Por qué cada vez más mujeres de veintitantos años desarrollan diabetes tipo 2

La diabetes tipo 2 se ha considerado durante mucho tiempo una afección asociada a la mediana edad y más allá, vista como el resultado de un deterioro gradual, a lo largo de los años, de la capacidad del cuerpo para usar la insulina eficazmente. Pero nuevos datos procedentes de Inglaterra desafían esa suposición: los expertos informan de un aumento preocupante en las tasas de diagnóstico entre mujeres de veintitantos años.
Las razones de este cambio no se reducen a un único factor. Los expertos afirman que el aumento de las tasas de obesidad, especialmente entre adultos jóvenes, se encuentra en el centro del proceso. Pero eso por sí solo no explica todo el panorama: los estilos de vida sedentarios, la creciente dependencia de alimentos procesados, el sueño alterado y el estrés crónico también se citan como factores contribuyentes.
Para las mujeres jóvenes, la situación conlleva una capa adicional de complejidad: afecciones hormonales como el síndrome de ovario poliquístico (SOP) pueden aumentar la resistencia a la insulina y elevar el riesgo de diabetes tipo 2. El SOP afecta a una proporción significativa de mujeres en edad reproductiva y a menudo se diagnostica tarde, lo que permite que los riesgos metabólicos subyacentes avancen sin ser detectados.
La aparición más temprana de la enfermedad no es simplemente un problema de salud personal, sino un asunto de salud pública a más largo plazo. Cuando la diabetes tipo 2 se diagnostica a una edad temprana, la persona debe convivir con la afección durante muchos más años, lo que aumenta considerablemente el riesgo de complicaciones como enfermedad renal, daño nervioso y problemas cardiovasculares.
Los expertos subrayan que los síntomas tempranos a menudo se pasan por alto o se atribuyen a otras causas. Signos clásicos como sed excesiva, micción frecuente, fatiga inexplicable y visión borrosa pueden ser atribuidos por mujeres jóvenes y activas a causas más benignas como el estrés o la falta de sueño.
Ese retraso en el diagnóstico resulta especialmente preocupante porque las intervenciones sobre el estilo de vida realizadas en las etapas tempranas de la diabetes tipo 2 —cambios en la alimentación, ejercicio regular, control del peso— pueden detener el avance de la enfermedad o incluso revertirlo. Cuanto antes se establezca el diagnóstico, mayor es la probabilidad de que estas intervenciones resulten eficaces.
Los expertos recomiendan que las mujeres jóvenes no descuiden los controles regulares de glucosa en sangre, especialmente si existen antecedentes familiares de diabetes o factores de riesgo como el SOP. Muchos sistemas de salud siguen centrando la edad de detección en la mediana edad y más allá, lo que aumenta el riesgo de que las pacientes jóvenes pasen desapercibidas dentro del sistema.

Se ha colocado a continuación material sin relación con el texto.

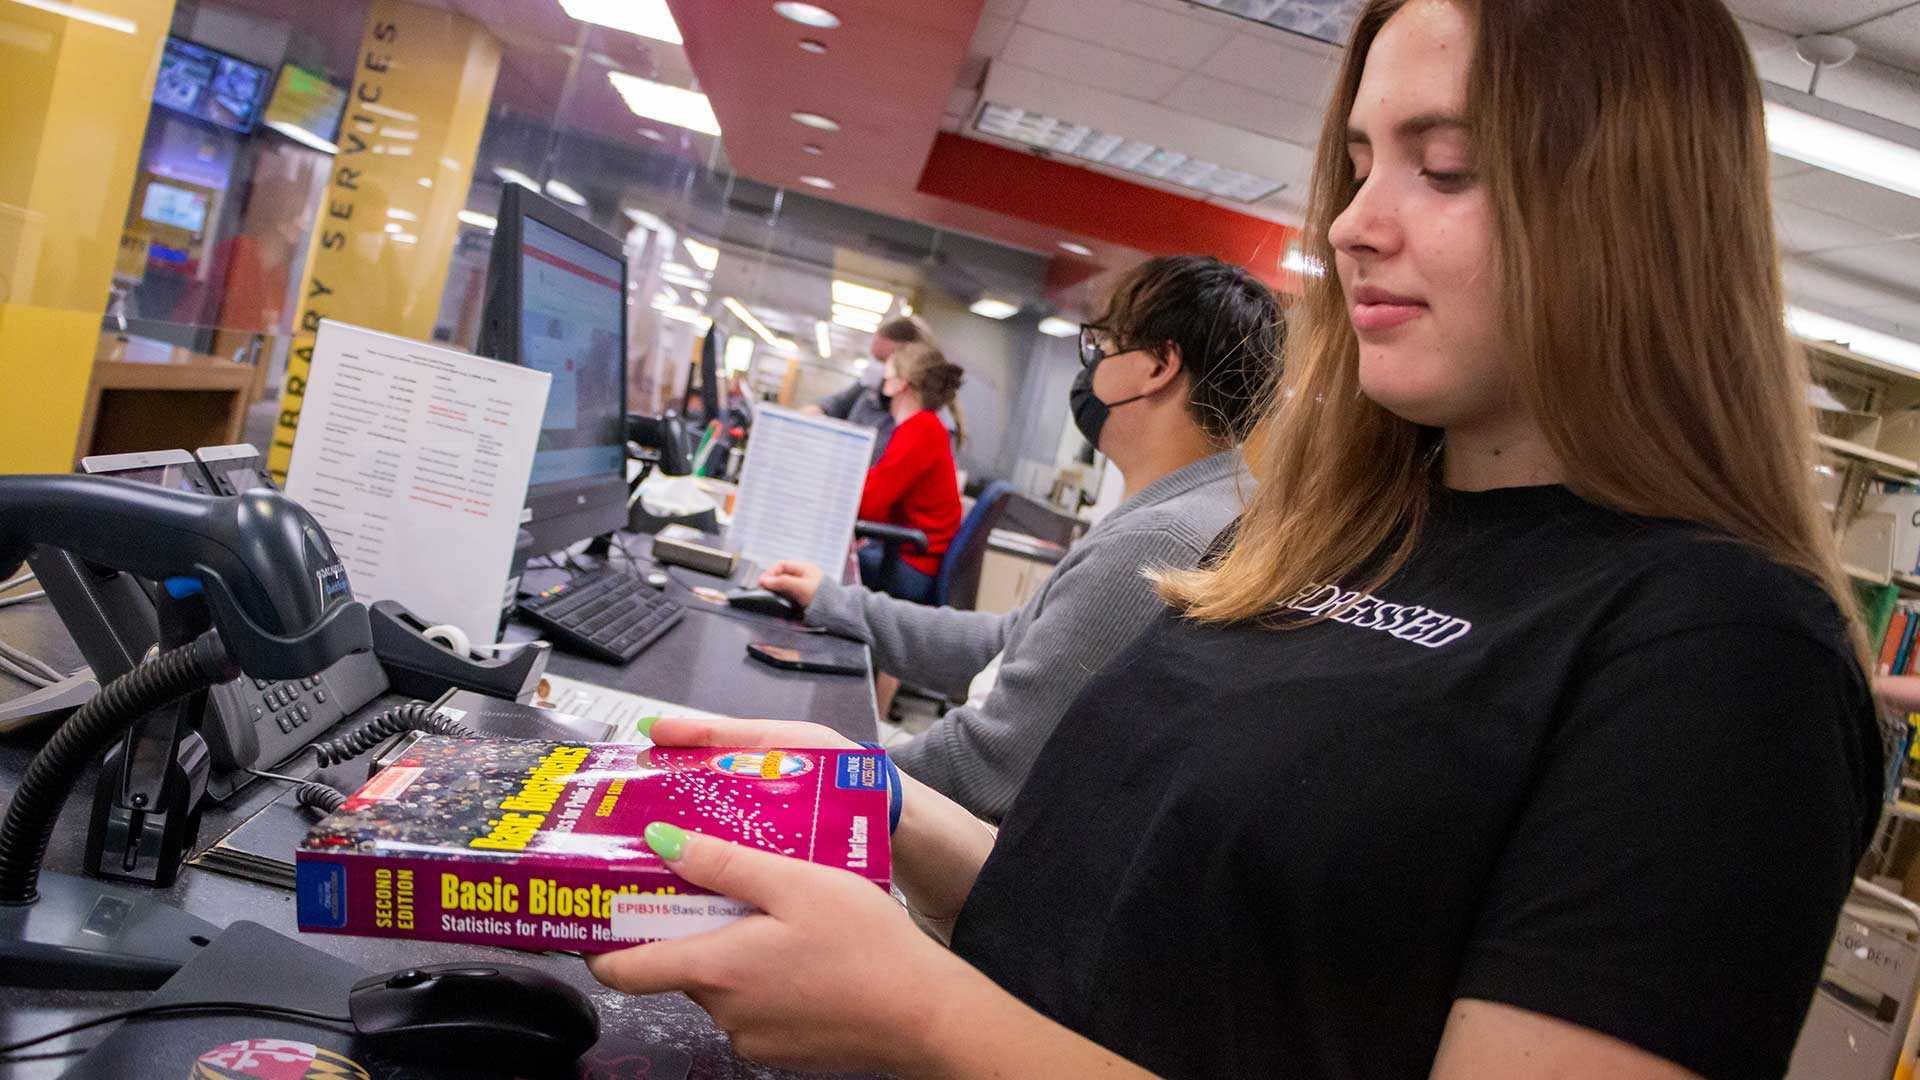 Student scans book in library

Los factores sociales también forman parte del panorama. Los horarios laborales de los adultos jóvenes suelen favorecer comidas a horas irregulares y largos periodos sentados, dos hábitos que contribuyen a la resistencia a la insulina. Los expertos sostienen que los lugares de trabajo y las instituciones educativas deben repensarse de forma que faciliten a los adultos jóvenes el desarrollo de hábitos saludables.
El consejo práctico para las familias es no normalizar los síntomas. Si signos como la sed persistente o la fatiga inexplicable se prolongan durante semanas, consultar a un médico aporta una certeza temprana, sea cual sea el resultado, y permite una intervención oportuna si es necesario.
Los expertos concluyen que esta tendencia subraya que la diabetes tipo 2 ya no puede considerarse simplemente una "enfermedad de la mediana edad". Existe un consenso creciente en que los mensajes de salud pública, las campañas de concientización y los protocolos de detección deben actualizarse para incluir también a los adultos jóvenes.